For the sake of convenience, it is assumed that the actuator 11 is a load unload type. Hence, depending on the mode of the magnetic disk apparatus 21, the head 18 is unloaded from the load and unload mechanism 23 and is moved to a position above the magnetic disk 25 or, the head is moved from the position above the magnetic disk 25 and is loaded onto the load and unload mechanism 23. A load and unload tab 16-1, which is engageable to the load and unload mechanism 23, is provided on the tip end of the suspension 16 of the actuator 11. For example, this load and unload tab 16-1 is formed integrally on the suspension 16. The load and unload tab 16-1 is guided along a guiding surface of the load and unload mechanism 23, to thereby load and unload the head 18 by the load and unload mechanism 23. In a state where the head 18 is loaded onto the load and unload mechanism 23, the head 18 is receded to a position avoiding a position above the recording surface of the magnetic disk 25.

FIG. 9 is a perspective view showing a tool in a first embodiment of the present invention. In this embodiment, the present invention is applied to a head clip. A head clip 31 shown in FIG. 9 has a positioning shaft 32, a head fixing arm 33, a plurality of fingers 34, a plurality of partitioning plates 35, a knob part 36, an engaging part 37, and a back plate 38. The back plate 38 is connected to the head fixing arm 33, and each partitioning plate 35 is provided on the back plate 38. Each finger 34 is inserted between a corresponding first pair of mutually adjacent suspensions 16 which are provided with the heads 18 having mutually opposing scanning surfaces. Each partitioning plate 35 is inserted between a corresponding second pair of mutually adjacent suspensions 16 which are provided with the heads 18 having mutually opposing back surfaces that are on the opposite ends from the scanning surfaces.
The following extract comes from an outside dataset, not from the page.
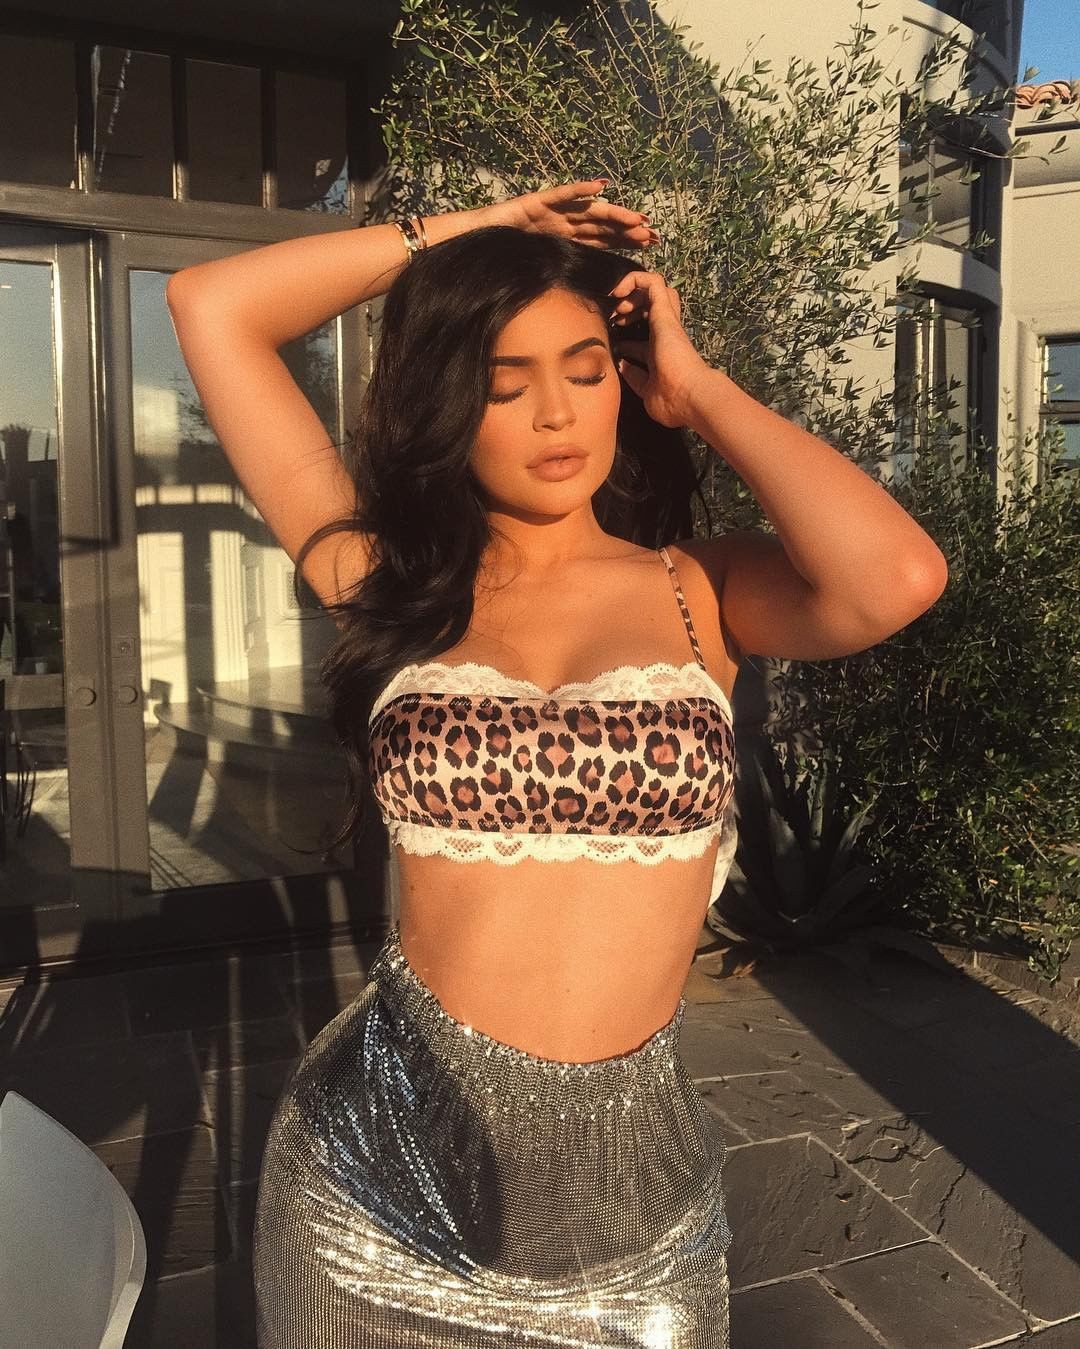 New Instagram Sexiest Kylie Jenner Pic: Kylie Jenner,  FASHION,  Instagram photos,  Stylevore,  Hot Instagram Models,  Vintage clothing,  luxury,  Vogue,  kylie jenner Fashion,  Cute kylie jenner,  instagram models,  kyliejenner,  haileybaldwin,  arianagrande  
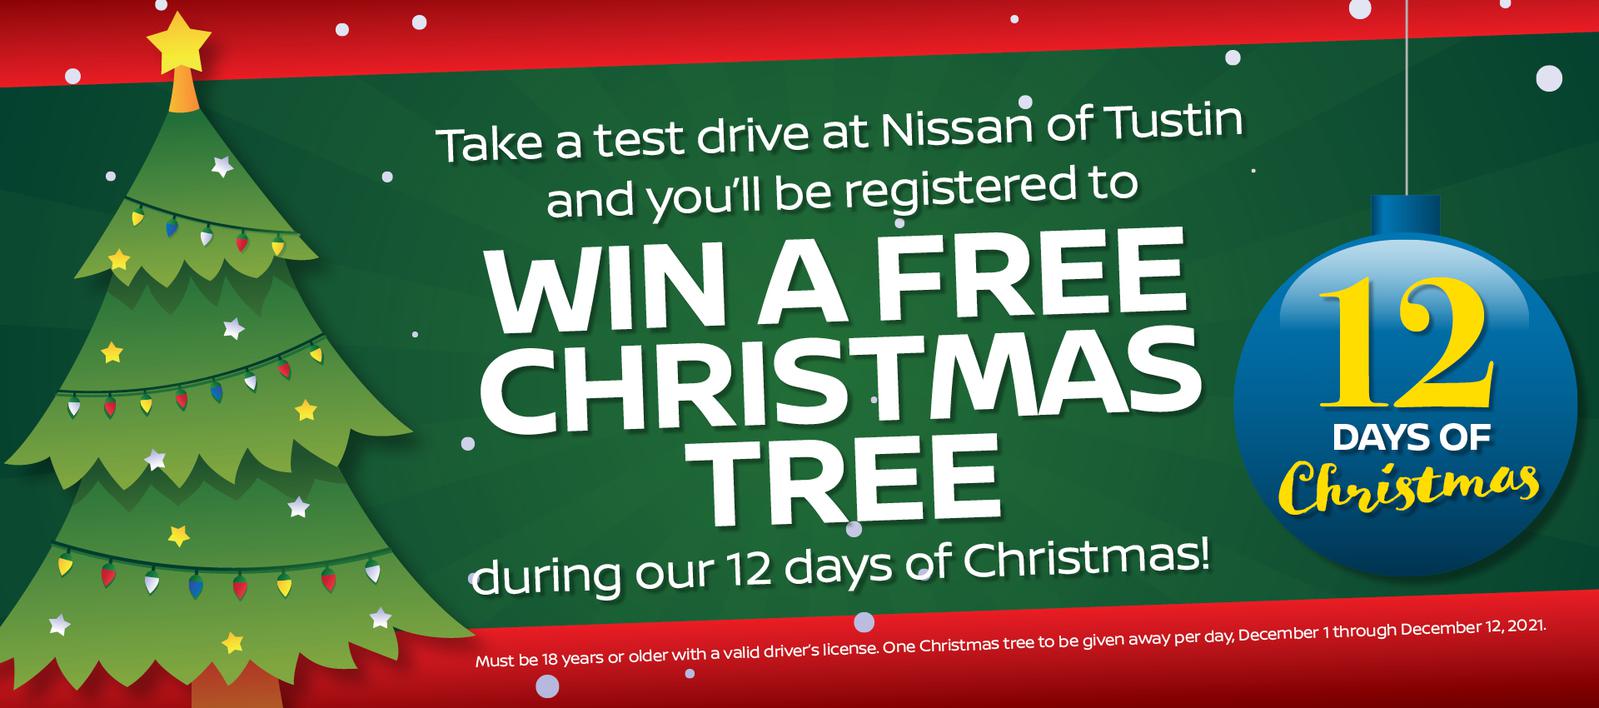 Take a test drive at Nissan of Tustin and you'll be registere to WIN A FREE CHRISTMAS TREE during our 12 days of Christmas!

The material used for parts of the head clip 31 other than the back plate 38 is not limited to a particular material, but it is desirable to form the parts of the head clip 31 other than the back plate 38 from a material which does not easily generate electrostatic. For example, the parts of the head clip 31 other than the back plate 38 is made of a material having a resistance that is approximately 1×10 Ω·m or less. Materials having the resistance that is approximately 1×10¹² Ω·m or less include conductive metals or resins, for example, and such resins include a tool stainless steel STAVAX and such resins include a conductive compound WHISTATT manufactured by Otsuka Chemical Co., Ltd., for example. The parts of the head clip 31 may be formed integrally or, the parts may be bonded to form the head clip 31. Of course, the part of the head clip 31 which makes direct contact with the actuator 11 may be formed by a material which does not easily generate electrostatic. The back plate 38 may be formed by a transparent plate. In the case of the transparent back plate 38, the head part 17-1 can easily be seen from the outside even in the state where the head clip 31 is attached to the actuator 11, to thereby improve the operation ease of the operations performed with respect to the actuator 11. When making the back plate 38 transparent, it is possible to use a conductive transparent material such as a conductive polymer ST-POLY manufactured by Achilles Corporation, for example.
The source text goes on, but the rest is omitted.